This is a question about Boost Polygon (not about Boost Geometry)
Recently I was trying to play with some geometrical polygon constructions. Since Boost Geometry (a different library which also deals with polygons) is not working circumstantially in Boost 1.58 I though I would give a try to Boost Polygon.
After trying to understand the library and not getting the expected results I discovered that the library only works for integer coordinates. At first I though that this was a limitation for input, but in fact all internal operations and outputs are integers, this makes all output quite quirky, for example, the intersections for polygons are slightly deformed (because the coordinates of vertices have to be integers).
A quote from the main page (emphasis mine):
The coordinate data type is a template parameter of all data types and algorithms provided by the library, and is expected to be integral. Floating point coordinate data types are not supported by the algorithms implemented in the library due to the fact that the (sic) achieving floating point robustness implies a different set of algorithms and generally platform specific assumptions about floating point representations.
At first I though that it was a problem between exact and inexact representation so I tried to make it work with rational (Boost Rational) types (I figured out a wrapper rational class to make it compile) but actually the integer coordinates is a strict requirement (There are parts in the code that actually add and substract one to construct intermediate results).
Going back to integers, I had to make the coordinates very big (in integer terms) to make this discreteness problem disappear.
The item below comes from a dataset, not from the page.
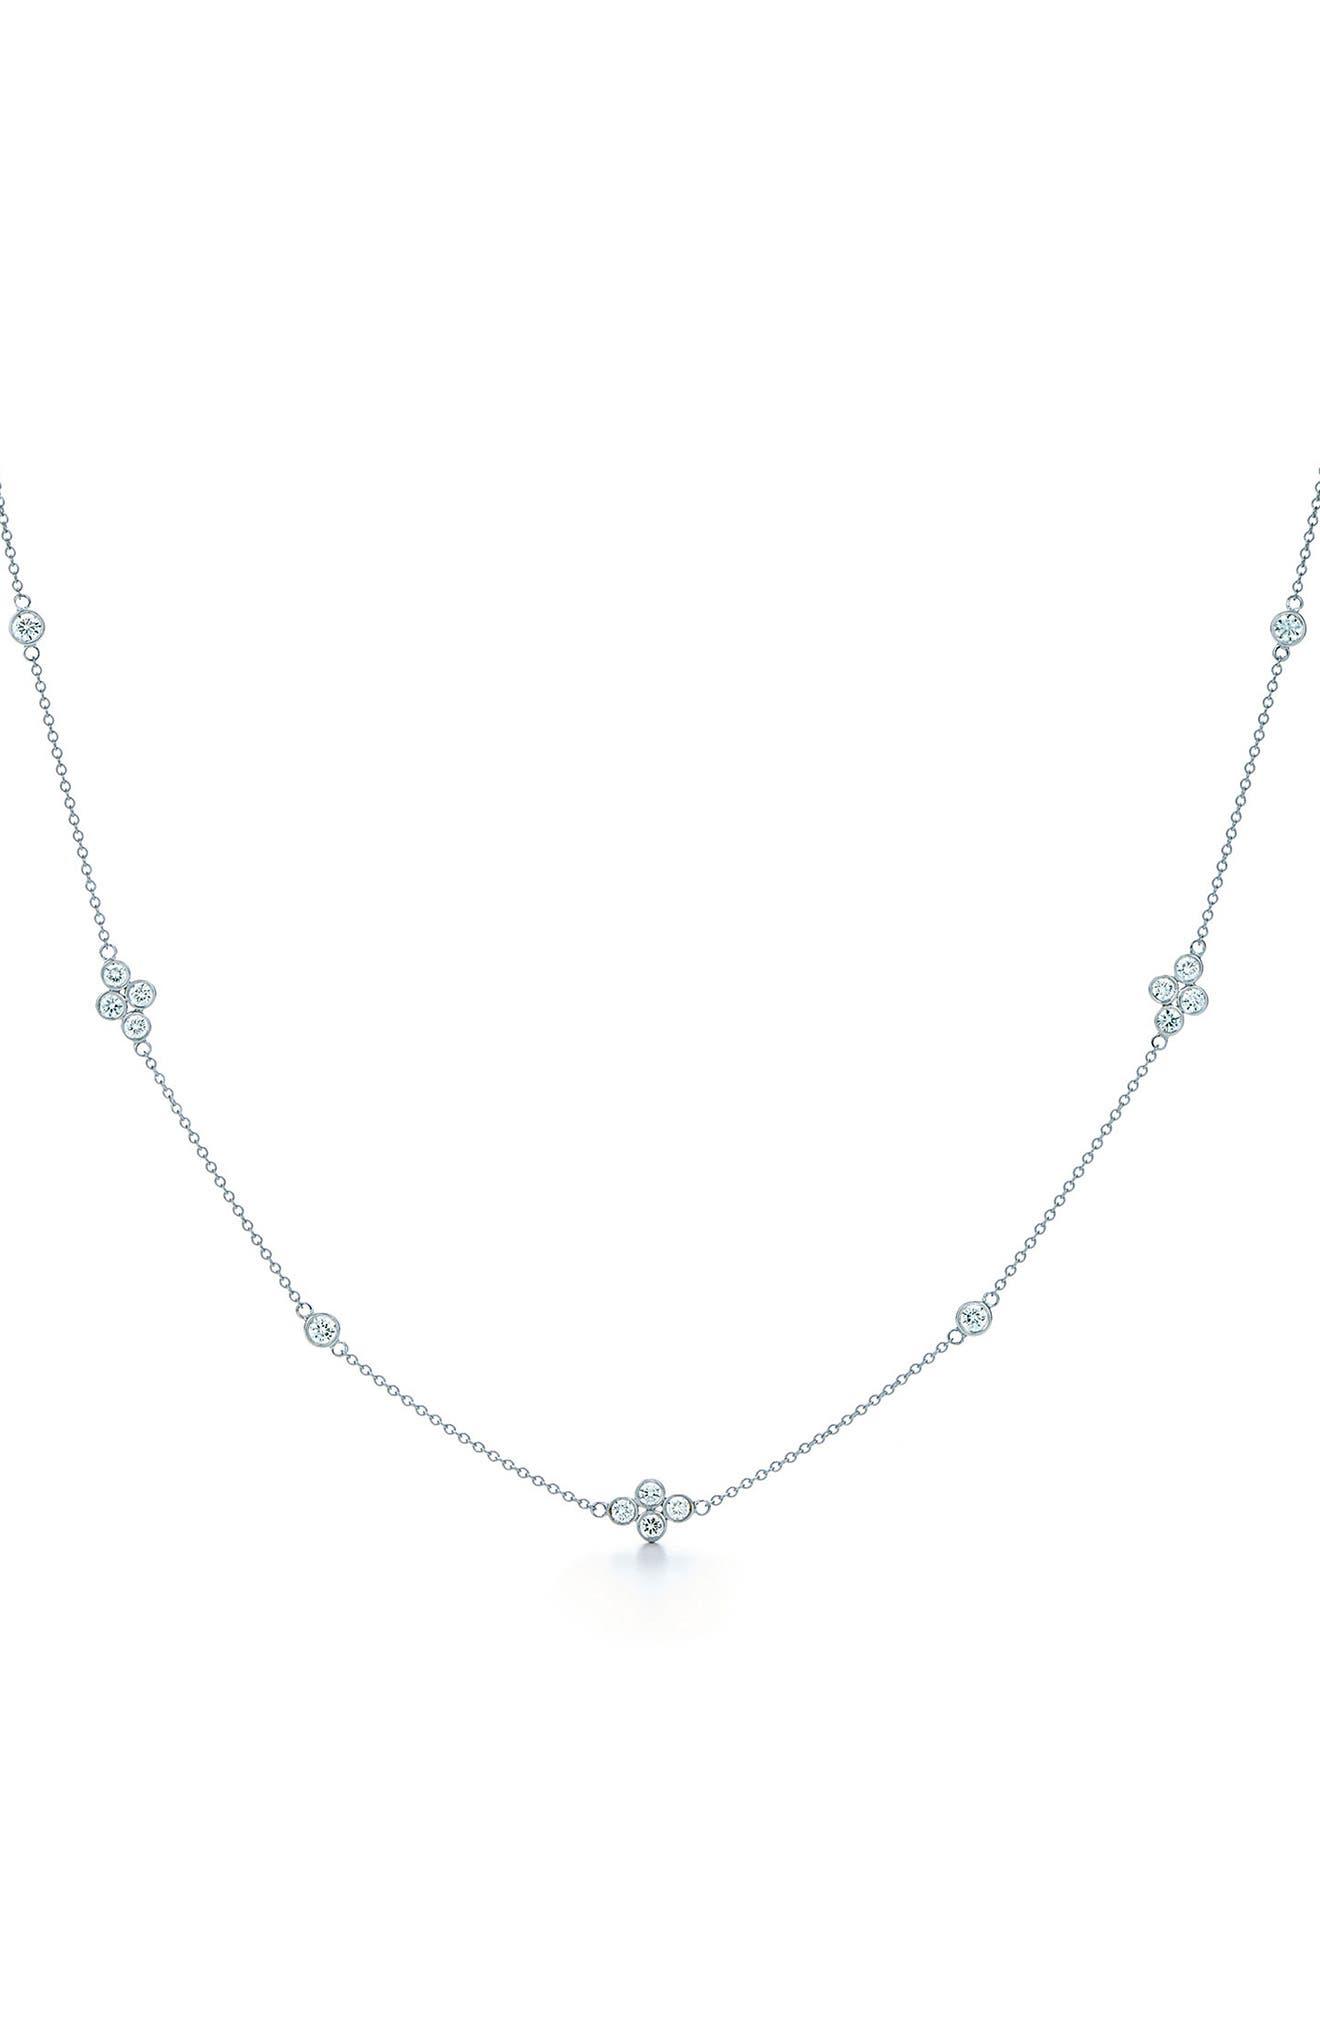 Alternate Image 1 Selected - Kwiat Diamond Collar Necklace

In other words I have to normalized everything back and forth. Well, at the end it is not very useful or convenient as I originally thought.
Am I missing something important about the use of this library?
Is this library intended for "pixelated" problems? What is the utility if the coordinates are restricted to be integers?
Is the idea to scale the coordinates to very big numbers and then renormalize the results later for geometric applications?
I understand that Computational Geometry with floating-points is very painful, but why this library doesn't even try to be compatible with exact rationals?
Are there real examples of use? (The manual is pretty bad at giving examples) Is anyone actually using this library?
Bonus question: Is this an abandoned library?
This is an example of how the library behaves from the integer coordinates:
Here it is an example of what happens with integral polygons, If I use small numbers to represent the coordinates the results are not even geometrically consistent. (The two polygons are polygon(-2,0)(2,-2)(6,4)(0,2)
and polygon(-5,0)(-1,-2)(3,4)(-3,2)
)
(note how skew everything comes out.)
But when I scale the polygons to have large integer coordinates the results get more exact (The two polygons are polygon(-200,0)(200,-200)(600,400)(0,200)
and polygon(-500,0)(-100,-200)(300,400)(-300,200)
, scaled versions of the two above.):
EDIT: I learned a bit more of computational geometry, apparently the robustness of computational geometry is a very difficult problem. One of the strategies is to use integer arithmetic. It looks like Boost.Polygon takes this approach. Problems in continuous space should be scaled appropriately.